事業再構築補助金「労働者名簿」の作成方法・ポイントを解説!!

COLUMN お役立ちコラム

2025.11.21

事業再構築補助金

事業再構築補助金「労働者名簿」の作成方法・ポイントを解説!!

労働者名簿は事業再構築補助金の申請に必要な書類のうち、多くの不備が見られる書類の1つです。不備があると申請が通らない原因となるため、労働者名簿は正確に作成することが重要です。そこで本記事では、事業再構築補助金の活用を検討している事業者向けに、労働者名簿の概要や必要なタイミング、労働者名簿の記載項目、記載の対象となる従業員、作成のポイントなどを解説します。

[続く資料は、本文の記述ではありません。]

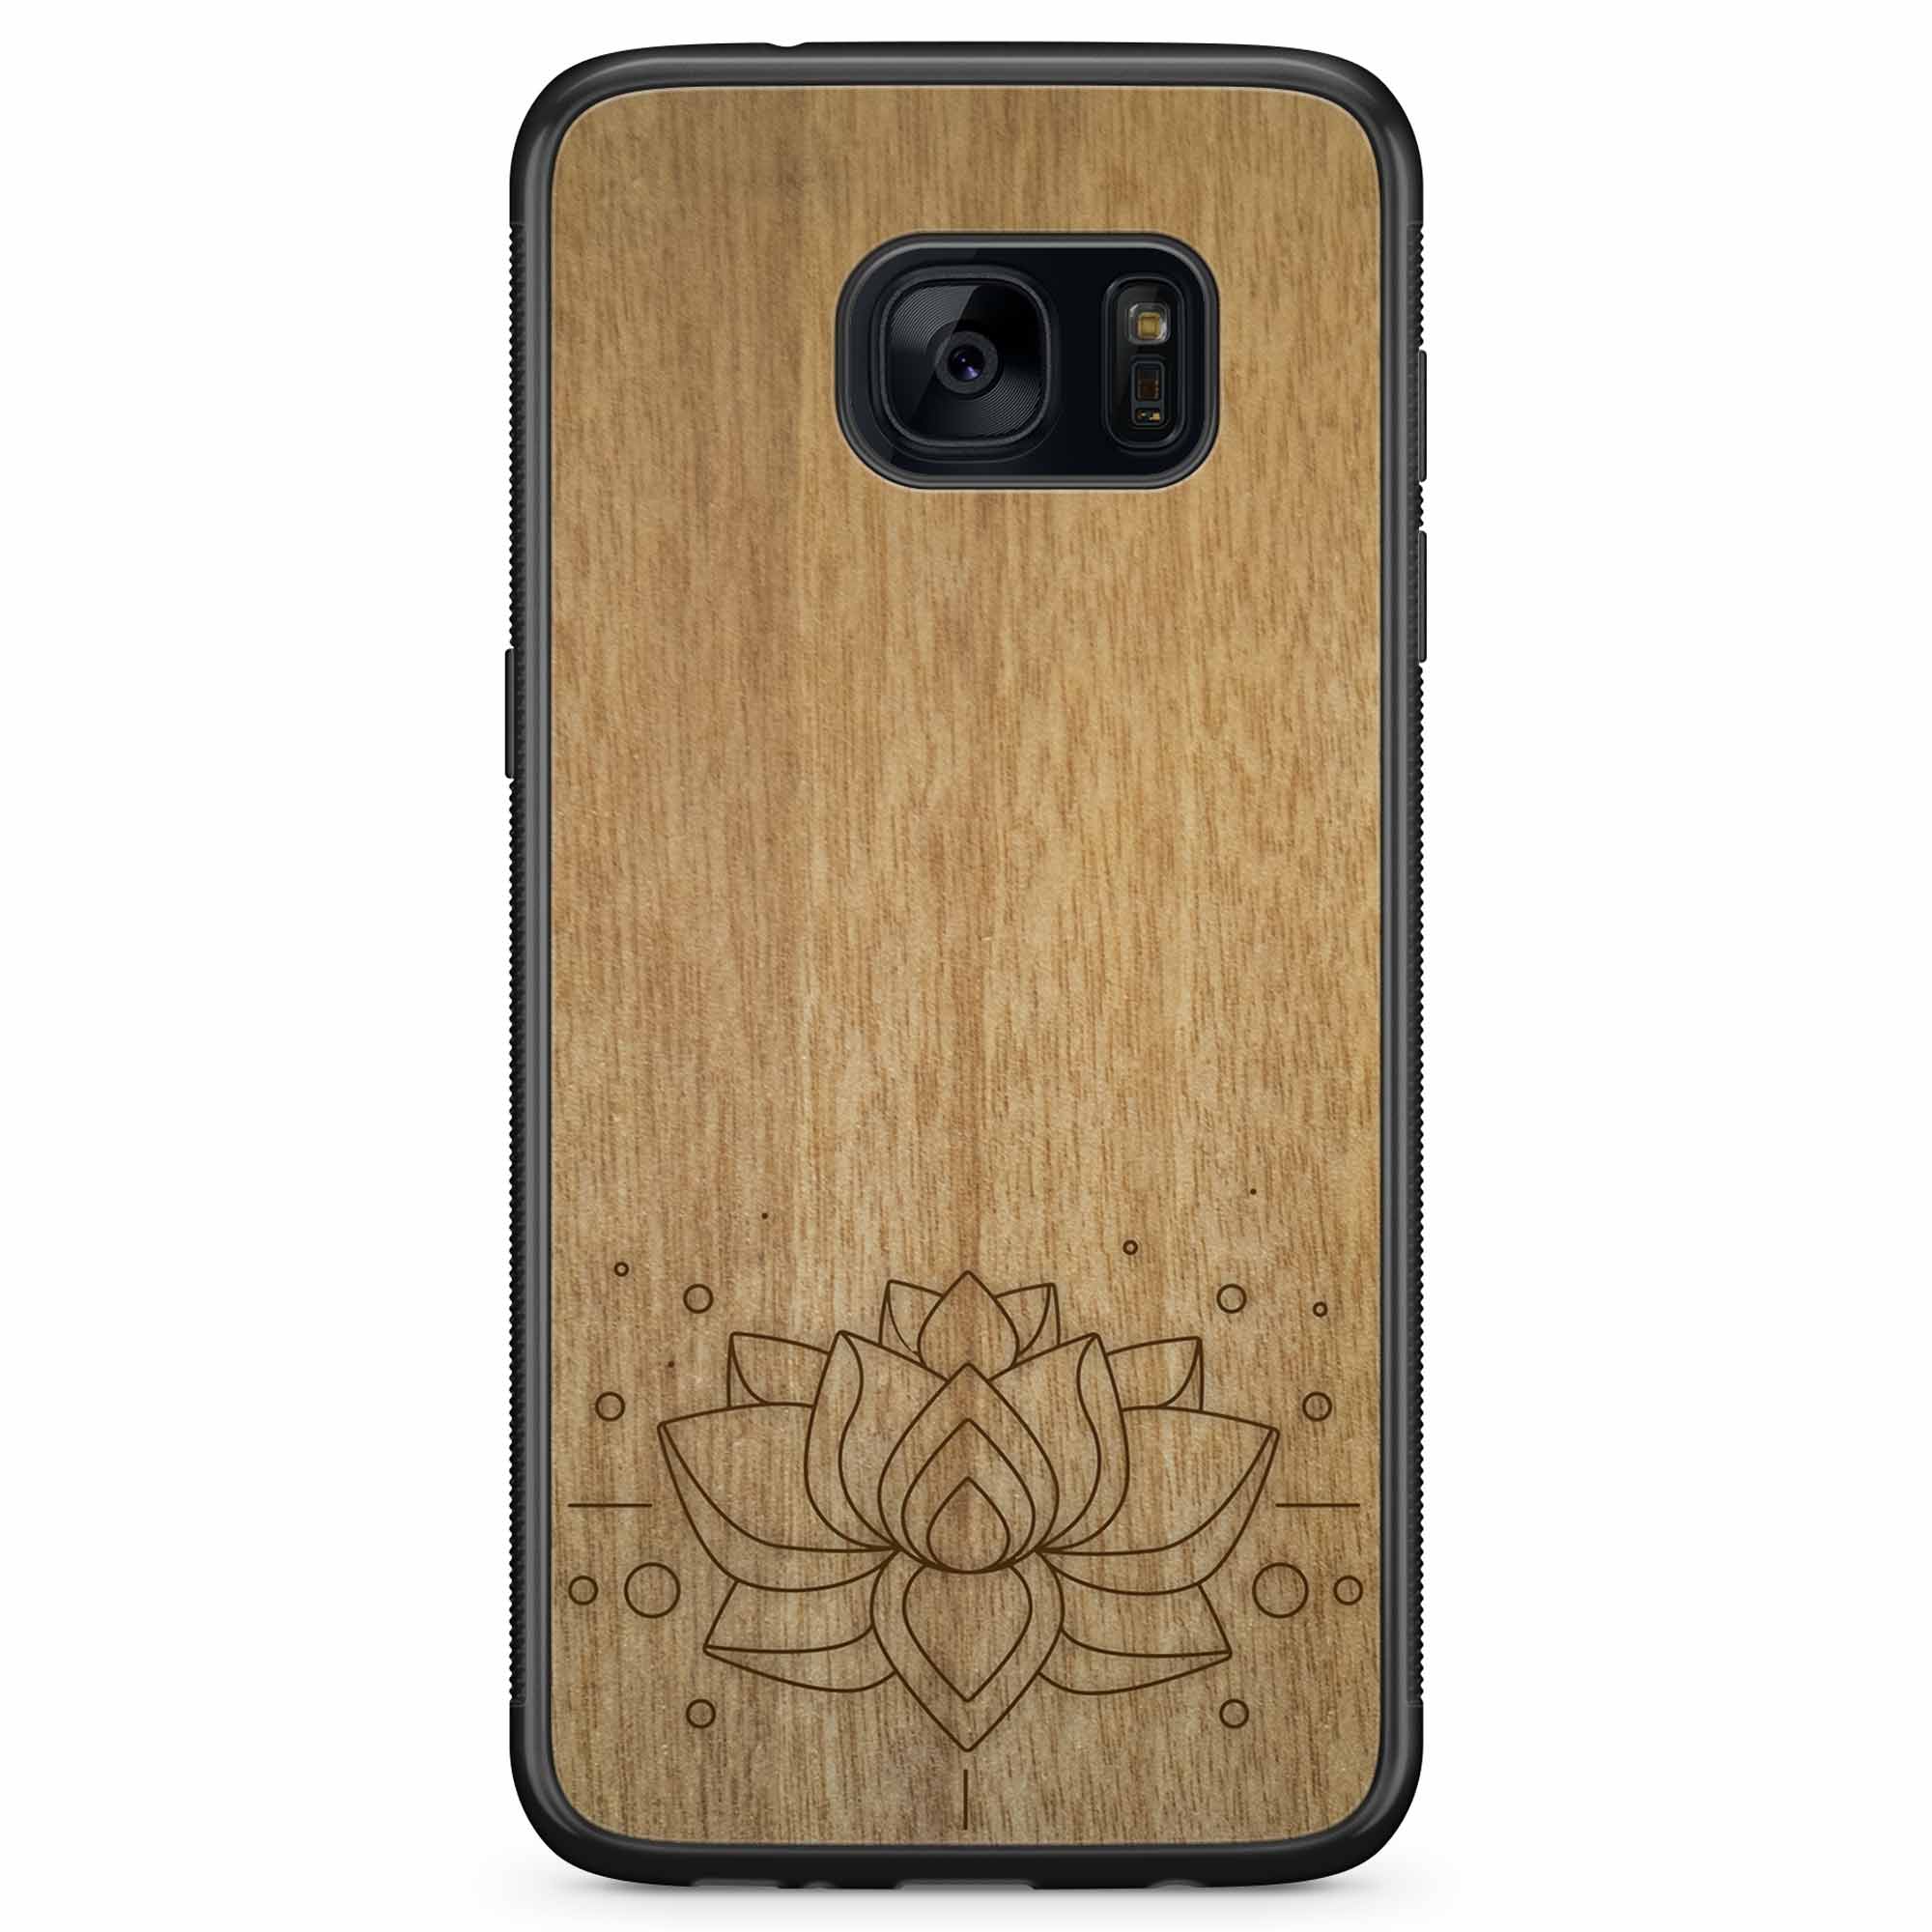 Engraved Lotus Samsung S7 Wood Phone Case

事業再構築補助金は終了、新たに『新事業進出補助金』が開始!

事業再構築補助金は、2025年の3月の第13回公募をもって公募が終了しました。

その後継制度として、 2025年4月より「新事業進出補助金」 が新たにスタートしました。

新事業進出補助金とは

新事業進出補助金は、企業の成長促進・生産性向上・賃上げの実現を後押しするため、中小企業が新事業に挑戦し、新しい市場への進出するための支援制度です。

例えば、
・これまで扱っていなかった製品分野への進出
・新たな顧客層・業界への展開

などの取り組みに対し、設備投資や販路開拓の費用を補助します。

新事業進出補助金と事業再構築補助金の違い

新事業進出補助金は、事業再構築補助金の後継として始まった補助金ですが、両者には様々な違いがあります。

以下に、簡単に違いをまとめました。

  新事業進出補助金 事業再構築補助金・成長分野進出枠(通常類型)
補助対象者 企業の成長・拡大に向けた新規事業への挑戦を行う中小企業等 ポストコロナに対応した、成長分野への大胆な事業再構築にこれから取り組んだり、国内市場縮小等の構造的な課題に直面している業種・業態の中小企業・中堅企業等
補助上限額 9,000万円 7,000万円
補助率 1/2 中小企業等:1/2(2/3)
中堅企業等:1/3(1/2)
基本要件 (1)新事業進出要件
(2)付加価値額要件
(3)賃上げ要件
(4)事業場内最賃水準要件
(5)ワークライフバランス要件
(6)金融機関要件
(1)事業再構築要件
(2)金融機関要件
(3)付加価値額要件
(4)給与総額増加要件かつ市場拡大要件または市場縮小要件
補助事業期間 交付決定日から14ヶ月以内 交付決定日から12 か月以内
補助対象経費 機械装置・システム構築費、建物費、運搬費、技術導入費、知的財産権等関連経費、外注費、専門家経費、クラウドサービス利用費、広告宣伝・販売促進費 建物費、機械装置・システム構築費(リース料を含む)、技術導入費、専門 家経費、運搬費、クラウドサービス利用費、外注費、知的財産権等関連経費、 広告宣伝・販売促進費、研修費、廃業費

事業再構築補助金の採択者は新事業進出補助金を申請できる?

新事業進出補助金では、次のいずれかに該当する事業者は補助対象外となります。

・申請締切日を起点として過去16か月以内に、事業再構築補助金の補助金交付候補者として採択された事業者(採択辞退者を除く)
・申請締切日時点で、事業再構築補助金の交付決定を受けて補助事業を実施中の事業者

ただし、上記に該当しない場合は、事業再構築補助金に採択された実績があっても、新事業進出補助金の要件を満たすことで申請が可能です。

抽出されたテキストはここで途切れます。